More and more often lately I notice myself having actual fun. Sure, I enjoyed watching my toddlers toddle; no sound is as sweet as baby giggles; and I’ll always miss dimpled knuckles, wet baby kisses, and those hilarious early mispronunciations. I loved a lot about those days, but there was little actual fun. Those days were mostly work, flecked with moments of sometimes transcendent bliss, usually interrupted by disgusting bodily emissions. But not actual fun. 

At eight and nearly six, my kids are (sometimes) actually fun to be around. They’re engaging, happy, and keen to try new things. They might still have a hundred annoying conversations to every interesting one, but at least it’s not a thousand. They’re big enough for so many things, but at the same time, they’re little enough to still think I’m awesome. I sufficiently remember my childhood to know that this stage must be fleeting.

After all those years of doing things I hated, (I’m looking at you, Music Together,) for the sake of my children’s happiness and to ward off the tedium of spending all day with illiterate, inarticulate, incontinent, uncivilized companions, I can’t believe my luck when I get to simultaneously experience actual fun and parental fun.

Actual Fun

Suddenly, we can do things together like go for bike rides in the woods, one of my favorite actual fun activities. I get the actual fun of riding through sun-dappled trails, breeze on my face, and the bonus parental fun of sharing something I love with these little people I love, of watching them steel their nerves to try something new, of seeing their tongue-in-teeth effort and concentration, of those bright-eyed smiles and unbridled whoops when they make it. It is so much ACTUAL fun!

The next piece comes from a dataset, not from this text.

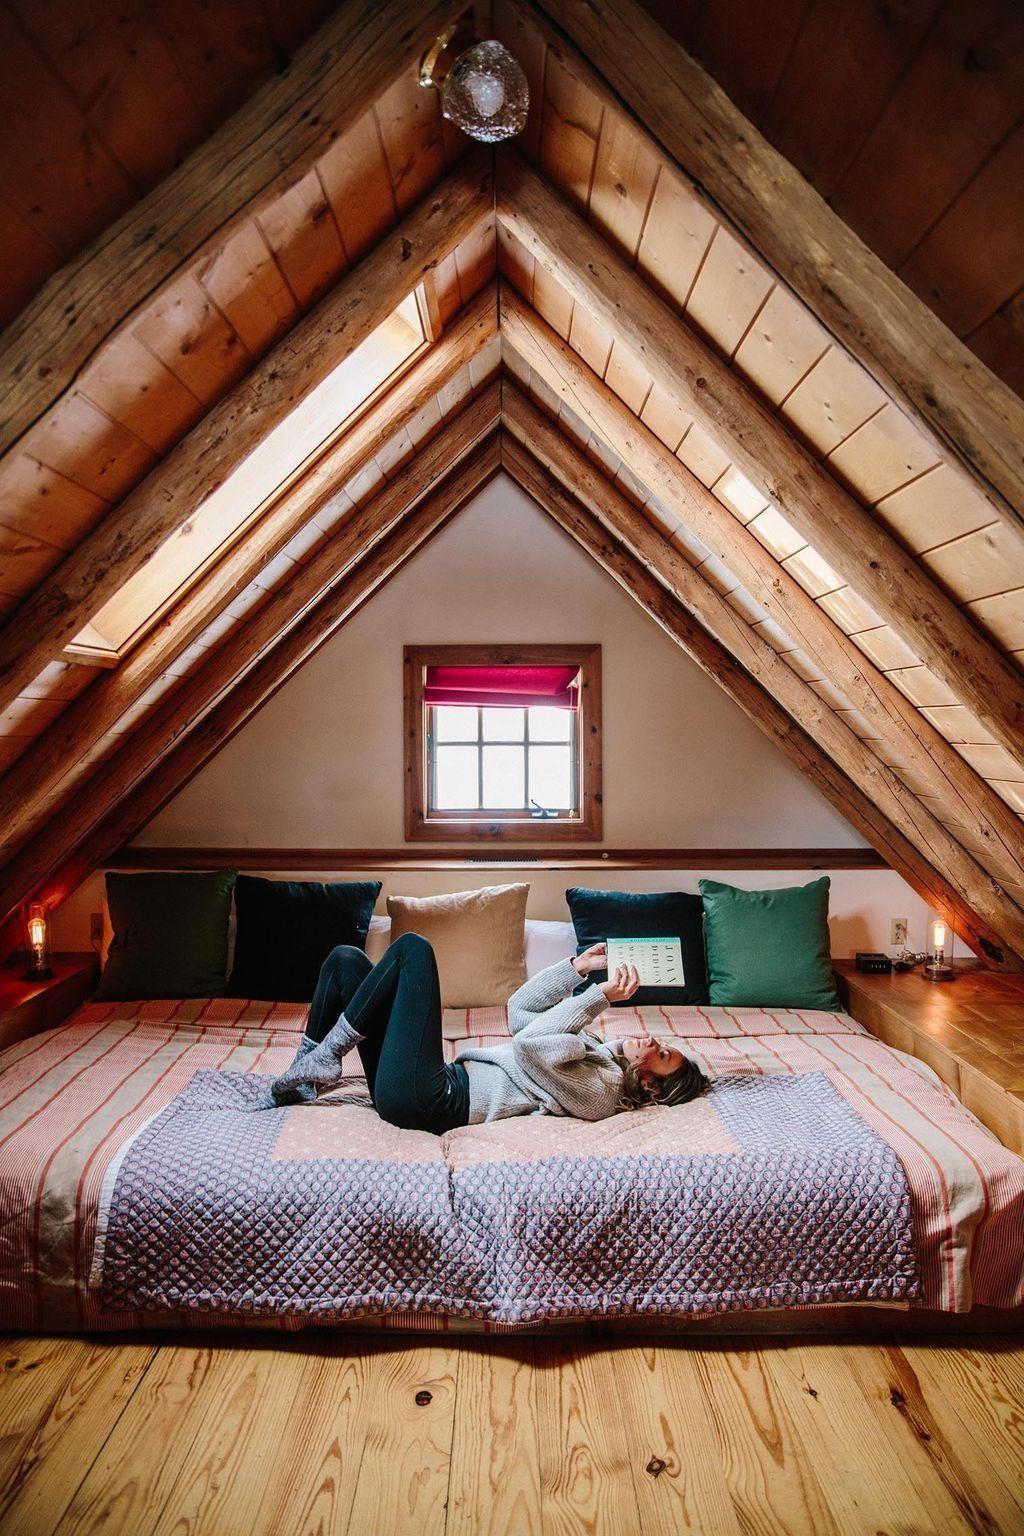 44 Stunning Attic Bedroom Decorating Ideas Attic Bedroom Designs Rustic Bedroom A Frame House Attic bedroom layout ideas

While my shirt might still suffer other people’s snot on occasion, I find myself feeling more like myself lately because I’m doing the things I used to do. Instead of activities that I hate and they like, we can watch movies we all enjoy, read books we all enjoy, and play games we all enjoy. So long, Go Fish! Luke can play Rummy 500 and Sally plays a mean game of chess.

Gone are the baby days, the toddler days, the cry-over-the-wrong-color-cup days. Ahead are the tween days, the teen days, the ugh-my-mom-is-so-embarrassing days. We seem to be in a sweet spot. How long do I have here?